Former constituency
- Created: 1988; 37 years ago
- Abolished: 2001; 24 years ago
- Seats: 5
- Member: Constituency Abolished
- Created from: Cheng San Single Member Constituency Chong Boon Single Member Constituency Jalan Kayu Constituency
- Replaced by: Aljunied GRC Ang Mo Kio GRC Pasir Ris–Punggol GRC

= Cheng San Group Representation Constituency =

Electoral division in Singapore

Cheng San Group Representation Constituency (Note: Kawasan Undi Perwakilan Berkumpulan Cheng San; 静山集选区; செங் சான் குழுத்தொகுதி) was a group representation constituency (GRC) in the north-eastern part of Singapore. It comprised the eastern section of Ang Mo Kio, Jalan Kayu, Seletar Hills, part of Serangoon North, much of Hougang and Buangkok as well as the entirety of both Sengkang and Punggol.

The constituency came into national prominence during the 1997 general election, which was the final contest before its abolition and redrawing for the 2001 general election. Its last Members of Parliament (MPs) were Lee Yock Suan, Heng Chiang Meng, Michael Lim Chun Leng, Zainul Abidin Bin Mohamed Rasheed and Yeo Guat Kwang, all representing the People's Action Party (PAP).

==History==

=== 1988: Establishment ===
Cheng San GRC was established in 1988, following the establishment of GRC and Single Member Constituency (SMC), by merging the Cheng San, Chong Boon and Jalan Kayu Constituencies. The GRC was originally represented by three MPs. During the 1991 general election, it absorbed Punggol SMC and was expanded to a four-member GRC. In that election, the PAP secured 64.05 percent of the valid votes, while the National Solidarity Party (NSP) team received 35.95 percent.

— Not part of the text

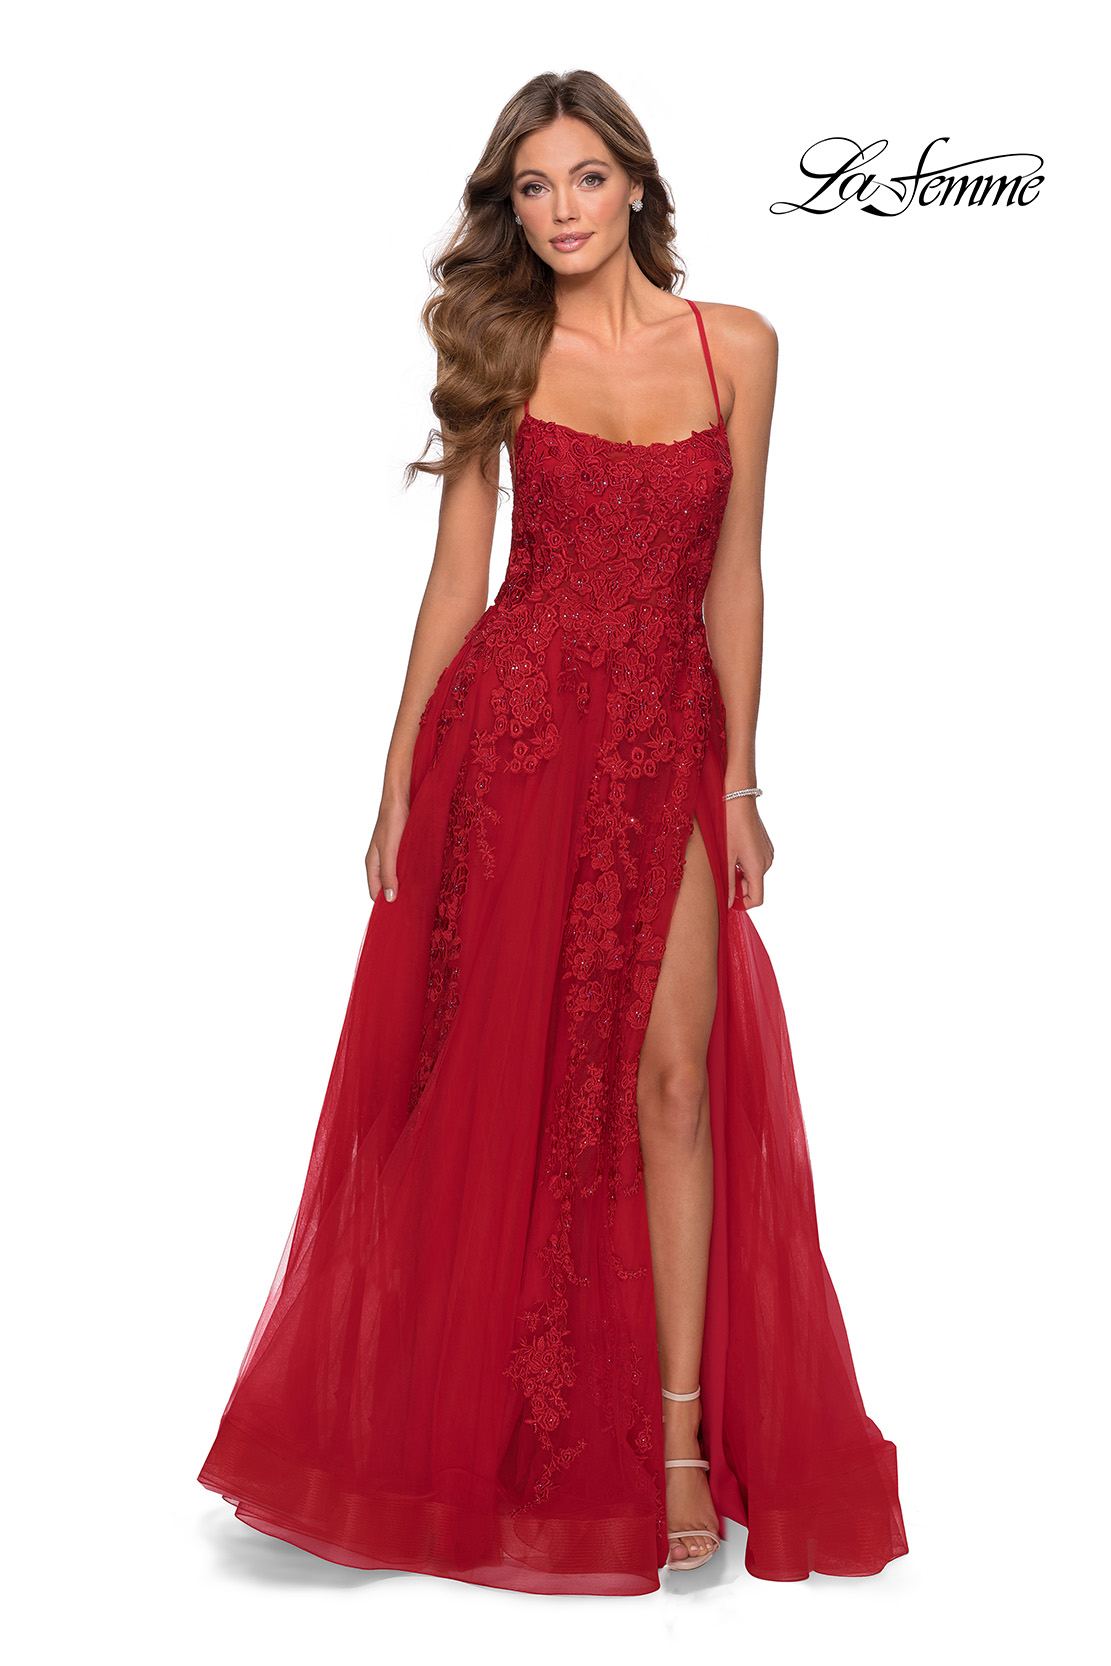 La Femme prom dresses Red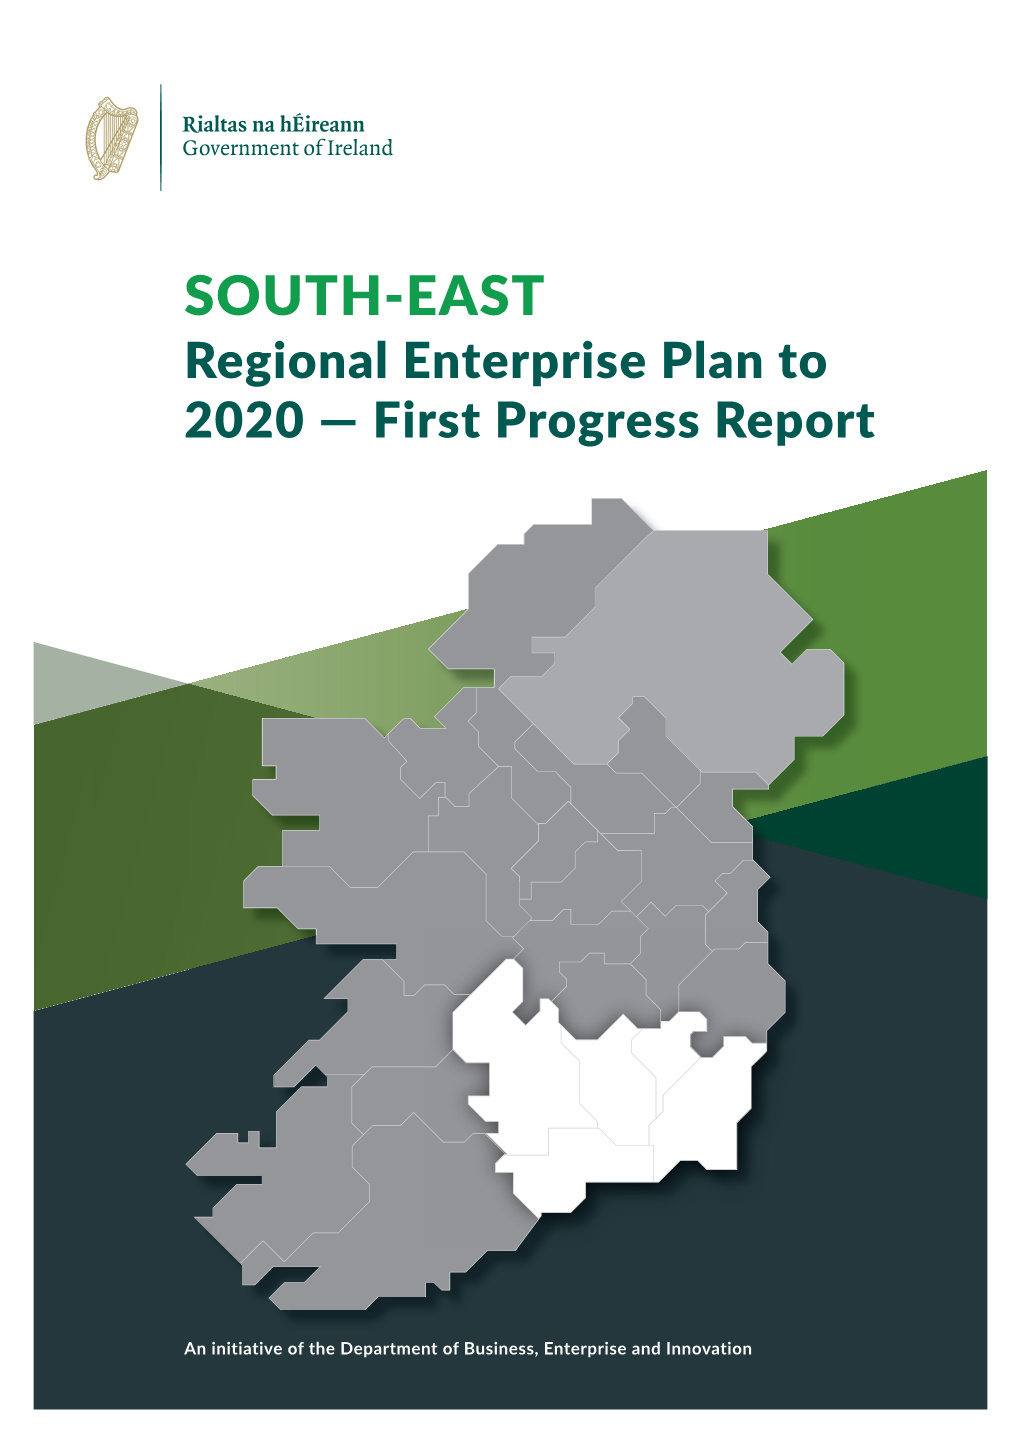 South-East Regional Enterprise Plan First Progress Report

=== 1997: Hotly contested election ===
During the 1997 general election, Cheng San GRC underwent boundary changes. Parts of the Chong Boon division, bounded by Ang Mo Kio Avenue 10, Ang Mo Kio Avenue 3, the Central Expressway and Ang Mo Kio Avenue 1, were absorbed into Ang Mo Kio GRC. At the same time, the Punggol division was split into three divisions: Punggol Central, Punggol East and Punggol South, reflecting the population growth in Hougang and Sengkang. As a result of these adjustments, Cheng San became a five-member GRC.

The constituency was hotly contested between the People's Action Party (PAP) and the Workers' Party (WP) in 1997. The PAP team was led by Lee Yock Suan, then Minister for Education, while the WP team was headed by its Secretary-General Joshua Benjamin Jeyaretnam alongside senior lawyer Tang Liang Hong. The PAP campaign received heavy support from Prime Minister Goh Chok Tong, PAP's Secretary-General, and his two deputies, who all campaigned actively in Cheng San. Goh described himself as "a special candidate" of the constituency, declaring that his credibility and reputation as Prime Minister were "at stake" in the contest.

The PAP campaign adopted a two-pronged approach. First, the party accused Tang of being "anti-Christian" and a "Chinese chauvinist", branding him a "dangerous man". Second, Goh promised voters that returning PAP candidates would secure improvements such as new transport links through the Mass Rapid Transit (MRT) and Light Rail Transit (LRT), housing projects like Punggol 21 and opportunities to upgrade HDB estates. The PAP stressed that constituencies which did not elect PAP candidates would not be prioritised for upgrading and risked "deteriorating into slums". Meanwhile, the WP drew large crowds at its rallies in Cheng San, with an estimated 50,000 people attending its final rally at Yio Chu Kang Stadium on the eve of polling. However, reports of the turnout were downplayed in The Straits Times, leading to criticism of the newspaper's neutrality.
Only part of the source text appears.